Salvadori’s early experiences shaped his hatred of all dictatorships. In 1929, he joined an underground anti-fascist group, Justice and Liberty. He then returned to Italy, ostensibly to attend the University of Rome, but also to organize in secrecy similar organizations against Mussolini. In 1930, he received a Doctorate of Political Sciences from the University of Rome. His political activities, however, caught the attention of the authorities and he was arrested and jailed from 1931-1932. Shortly afterward, he crossed into Switzerland and lived abroad for the next decade. In 1943, Salvadori was living in England with his British wife Joyce Pawle. He joined the British Army as a lieutenant colonel and participated in the landings at Salerno and Anzio.
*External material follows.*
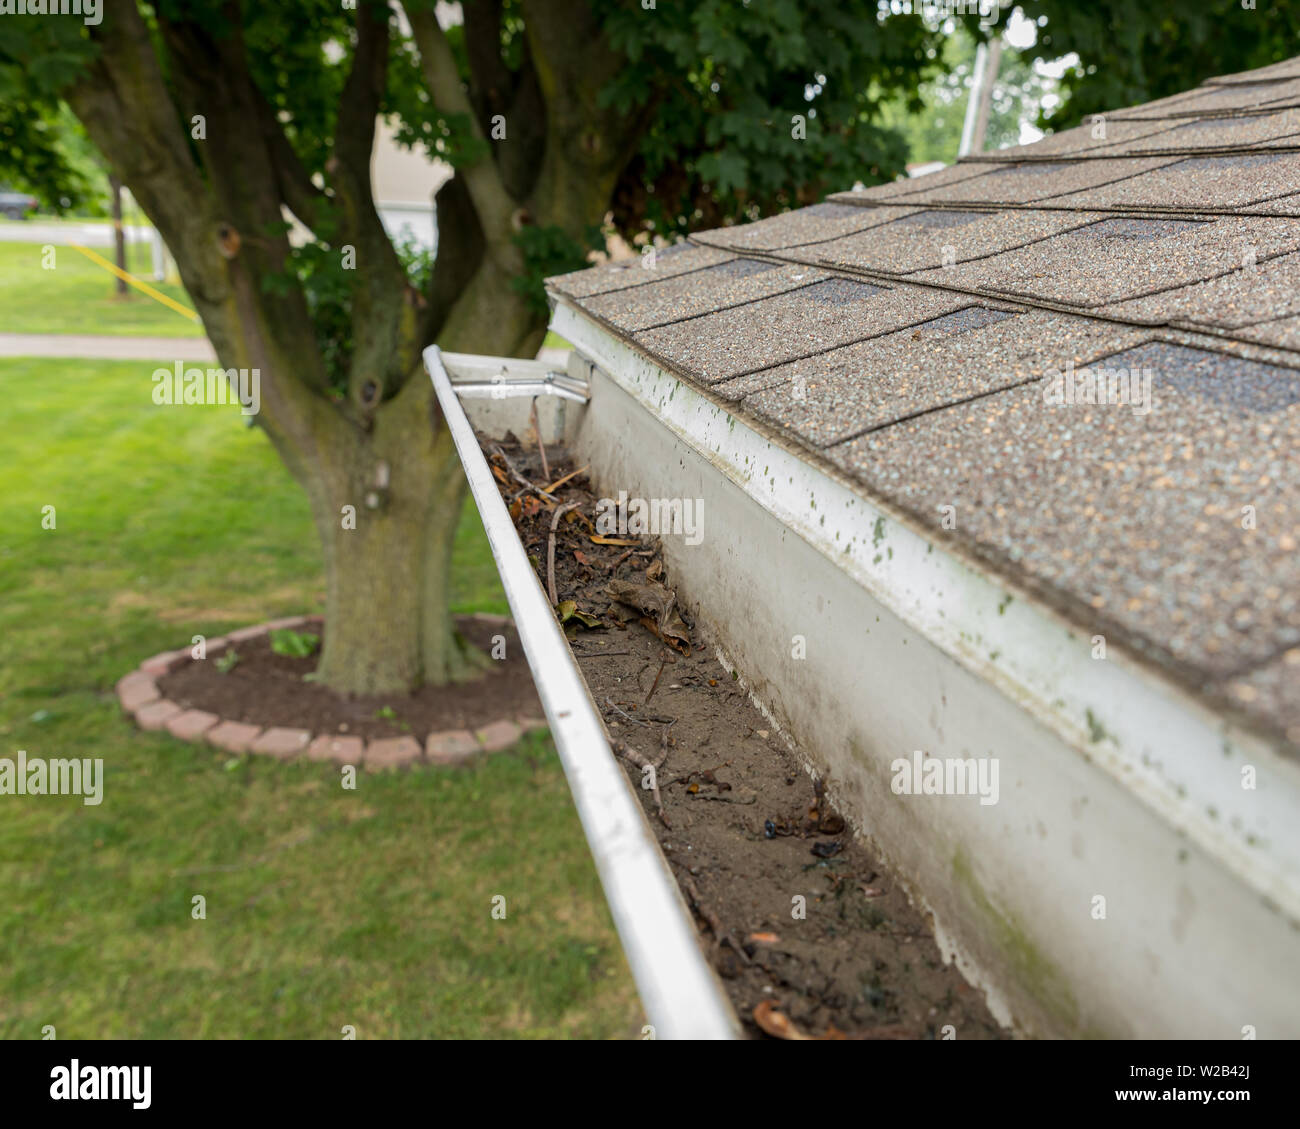 House gutter clogged with tree leaves, sticks, and debris . Tree sapling growing in the mold and mildew covered gutter Stock Photo

He parachuted into the Italian countryside in 1945 to help organize a popular uprising. For his service, he was awarded the Military Cross and Distinguished Service Order.
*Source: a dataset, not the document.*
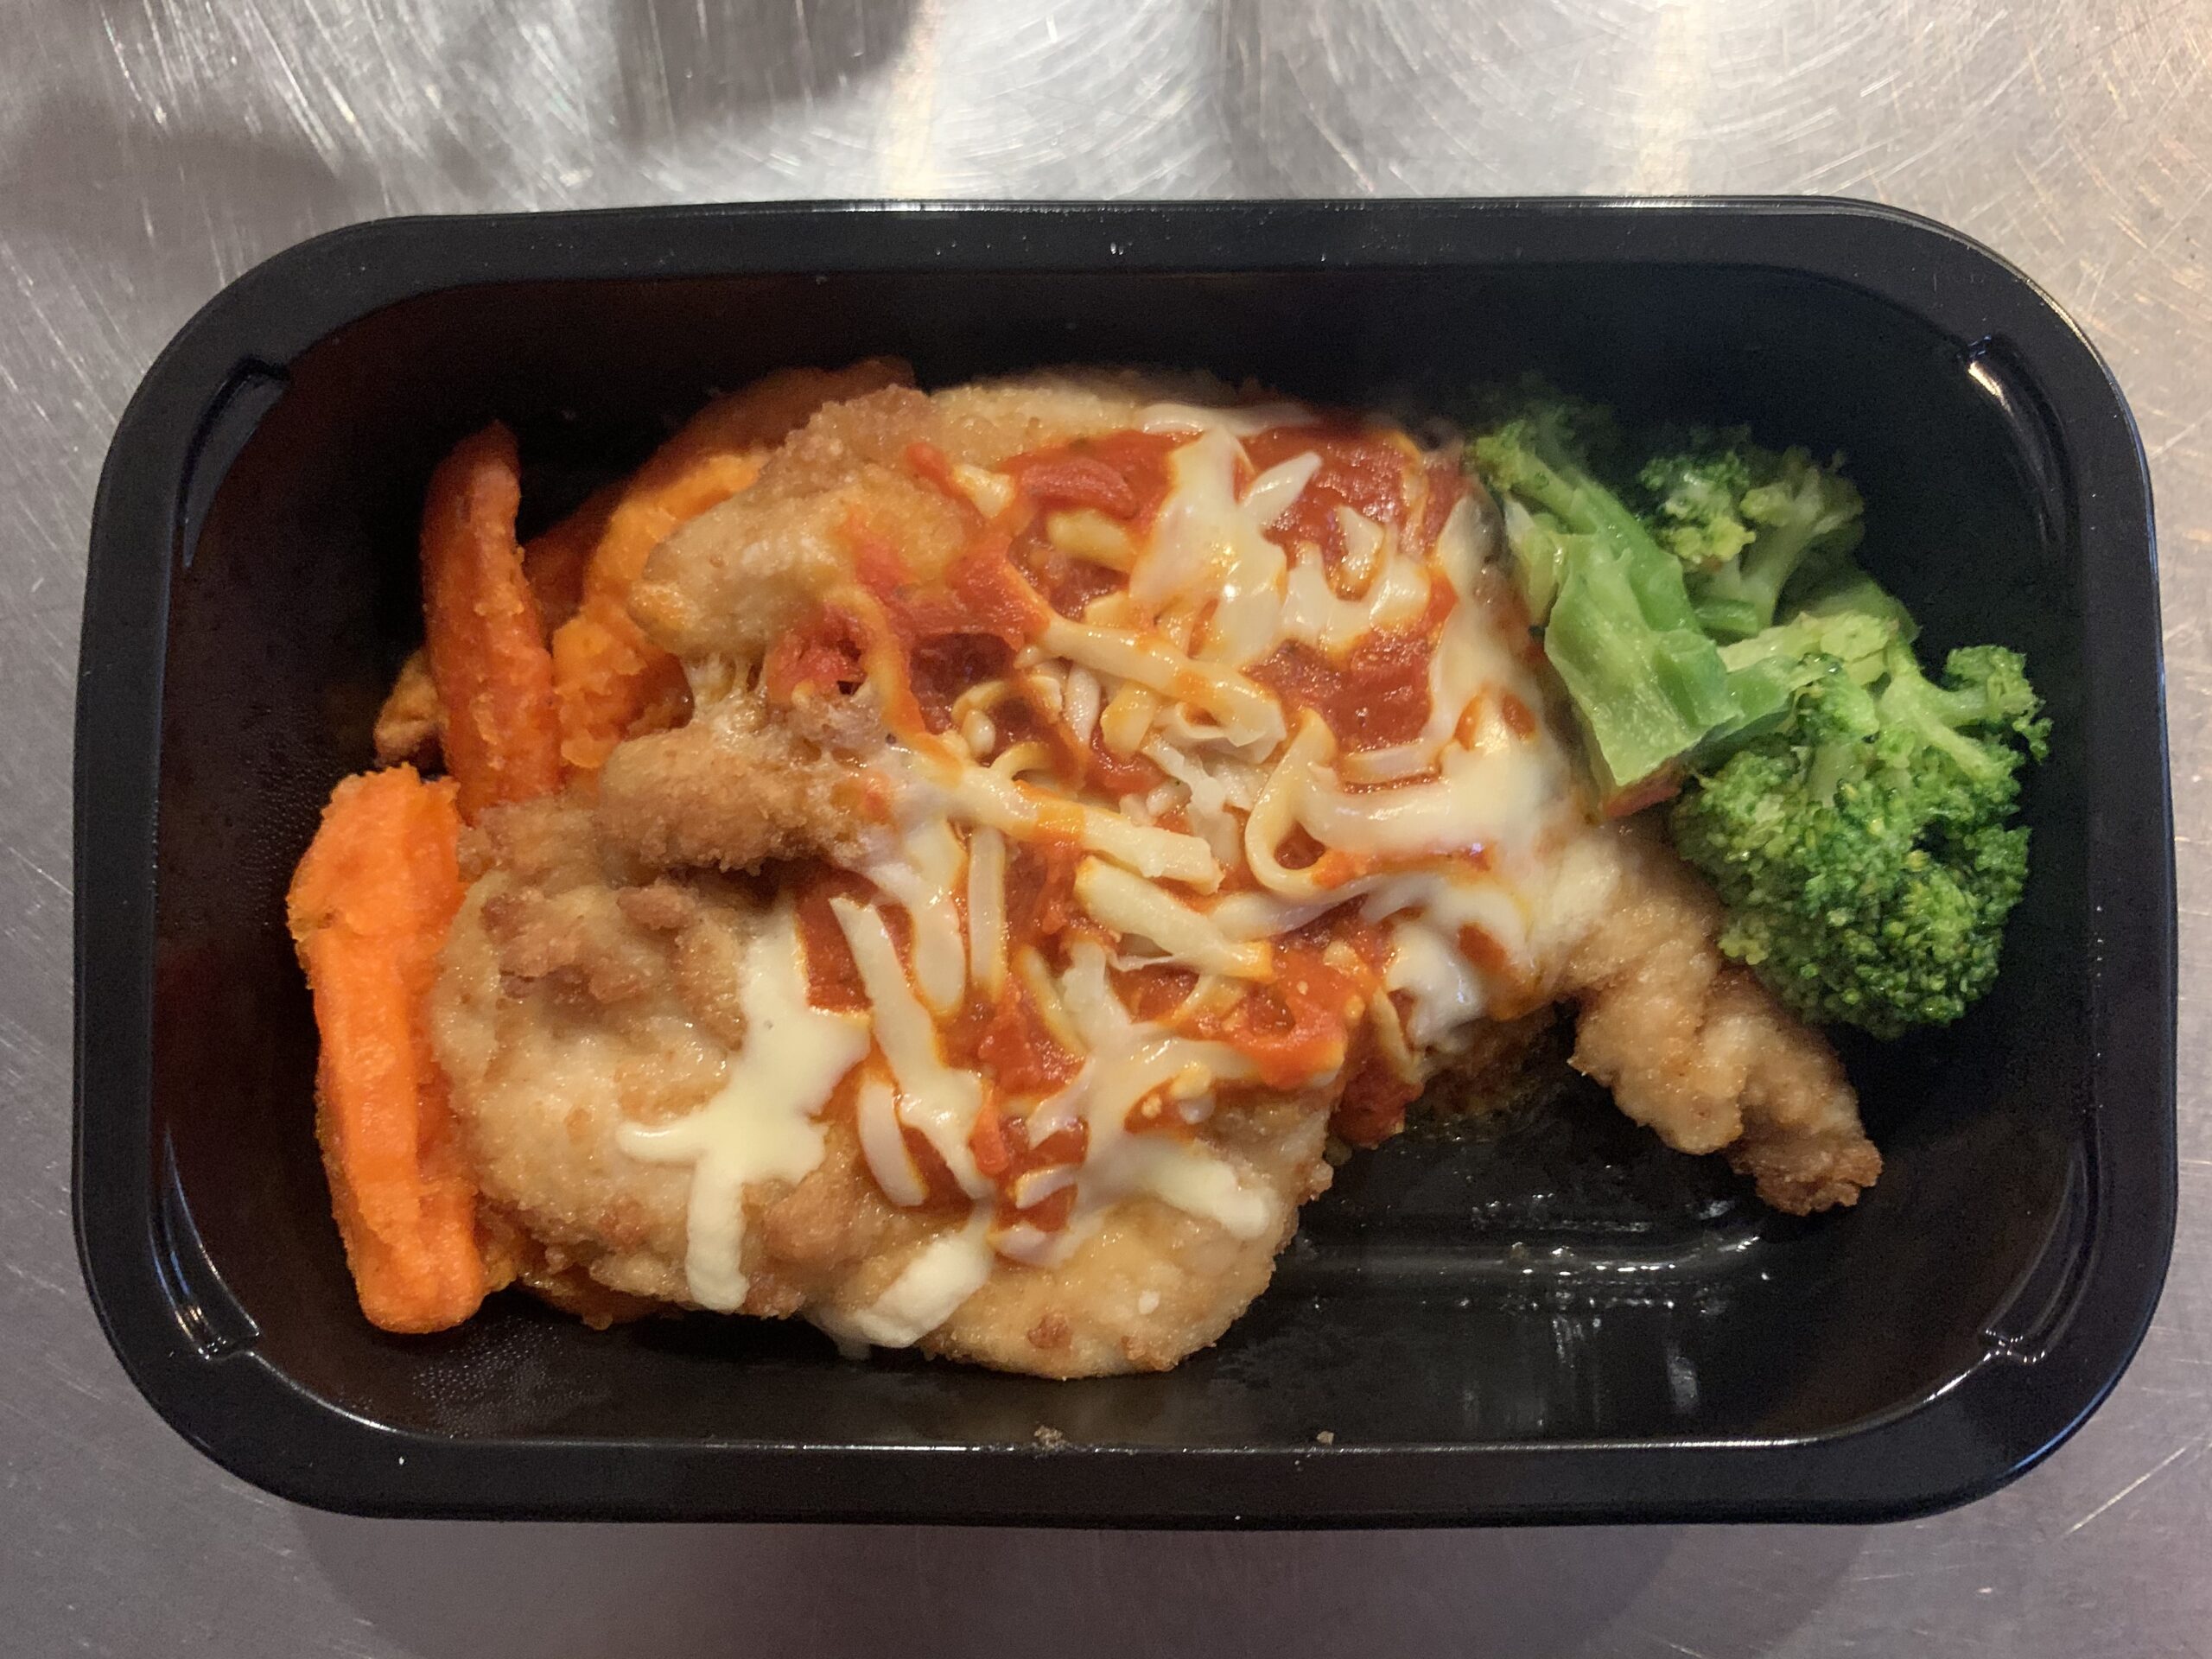 Gate Gourmet Airline Meals

Salvadori came to Smith College in 1945 after teaching at St. Lawrence University, New York from 1931-1941, and Bennington College. In 1948-49, Salvadori took a leave of absence from Smith in order to serve as the director of the Division of Political Science of the United Nations Educational, Scientific and Cultural Organization (UNESCO) in France. He also served as a political analyst for the Information Service of the Secretariat of NATO in 1952-53. At Smith, Salvadori was professor of modern European history until his retirement in 1973. He held the Dwight Morrow Professorship in History from 1964-1973. He also led the Junior Year for International Studies program in Geneva, Switzerland from 1973-1975.
Salvadori wrote and lectured extensively. In 1956, his lecture, “American Capitalism,” presented at the School for International Studies of the State Department’s Foreign Service, was recognized by President Dwight D. Eisenhower. The White House issued and distributed a condensed form of Salvadori’s remarks. He wrote texts on political history, as well as travel books, personal memoirs, pamphlets, reviews and articles in Italian, English, French, and Spanish. His 1962 work, The Rise of Modern Communism, has been translated into 16 languages.
Max Salvadori had a long association with the Liberal International, a London-based association of Liberal and Radical groups and parties. He joined the group in 1948. At his suggestion, the Liberal International started the School for Freedom program, student summer institutes for young liberals. These programs were held in different countries each year. Salvadori remained involved with the group throughout his life, directing eight sessions of the School for Freedom from 1955-1967.
Salvadori died in 1992, at age 84, survived by his wife Joyce Pawle, a son and daughter. In 1993, the college dedicated the Personal Computer Laboratory and Training Center in Seelye Hall in his memory.